We are drawn into the lives of three women gathered around a strange child - they are Nora, the distraught widow left to struggle on her own with the care of her grandchild; Mary, the young girl who has left a home with too many mouths to feed, taking on chores with Nora for the sake of food and shelter; and Nance, the mysterious old woman at the edge of the village, she who consorts with the 'good people', the fairies who wreck havoc with people's lives.
Nance knows the special herbs and cures. People furtively seek out her help with their troubles, careful to avoid the anger of the disapproving local priest. But when one misfortune follows another, and there are signs that the fairies have been about, fear and distrust leads to rumours about her. Is there an evil spirit amongst them, is it the child, or is it Nance, or are all three women involved in something bad?
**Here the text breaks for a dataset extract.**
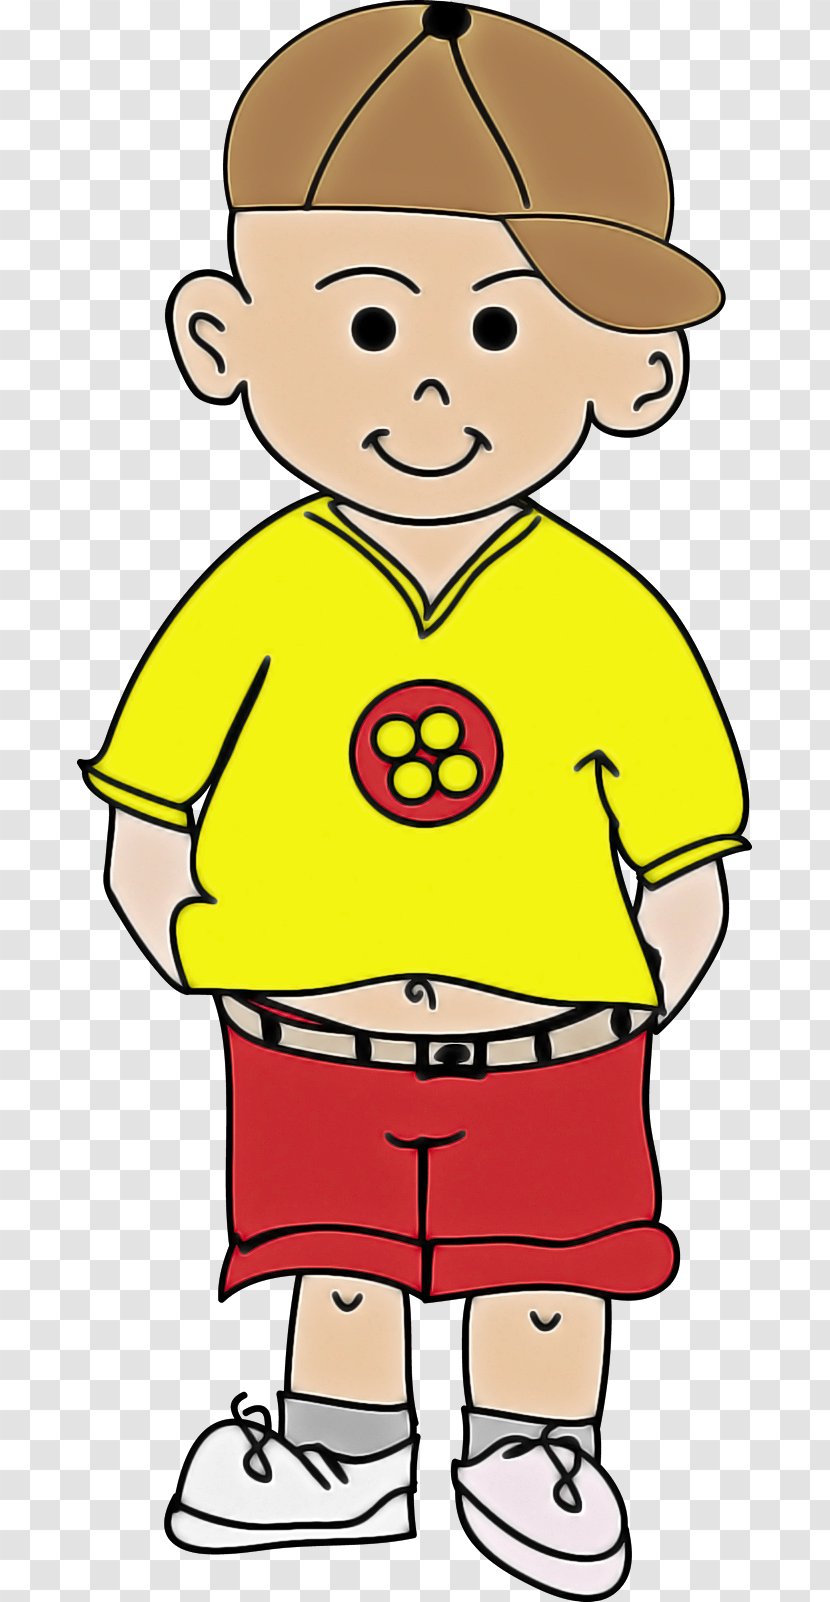 Cartoon Child Yellow Facial Expression Clip Art - Red - Male Smile Transparent PNG

The world of Nora, Mary and Nance and the surrounding villagers is very real. Kent has thoroughly researched every detail, and she brings it all alive - the austere lives, the dirt, the smells, the struggles and fears, the bitterness and spite, even the language of the time. The book held me to the very end - it is an intriguing story that leaves us, like the villagers, with still a few questions lingering in the mind.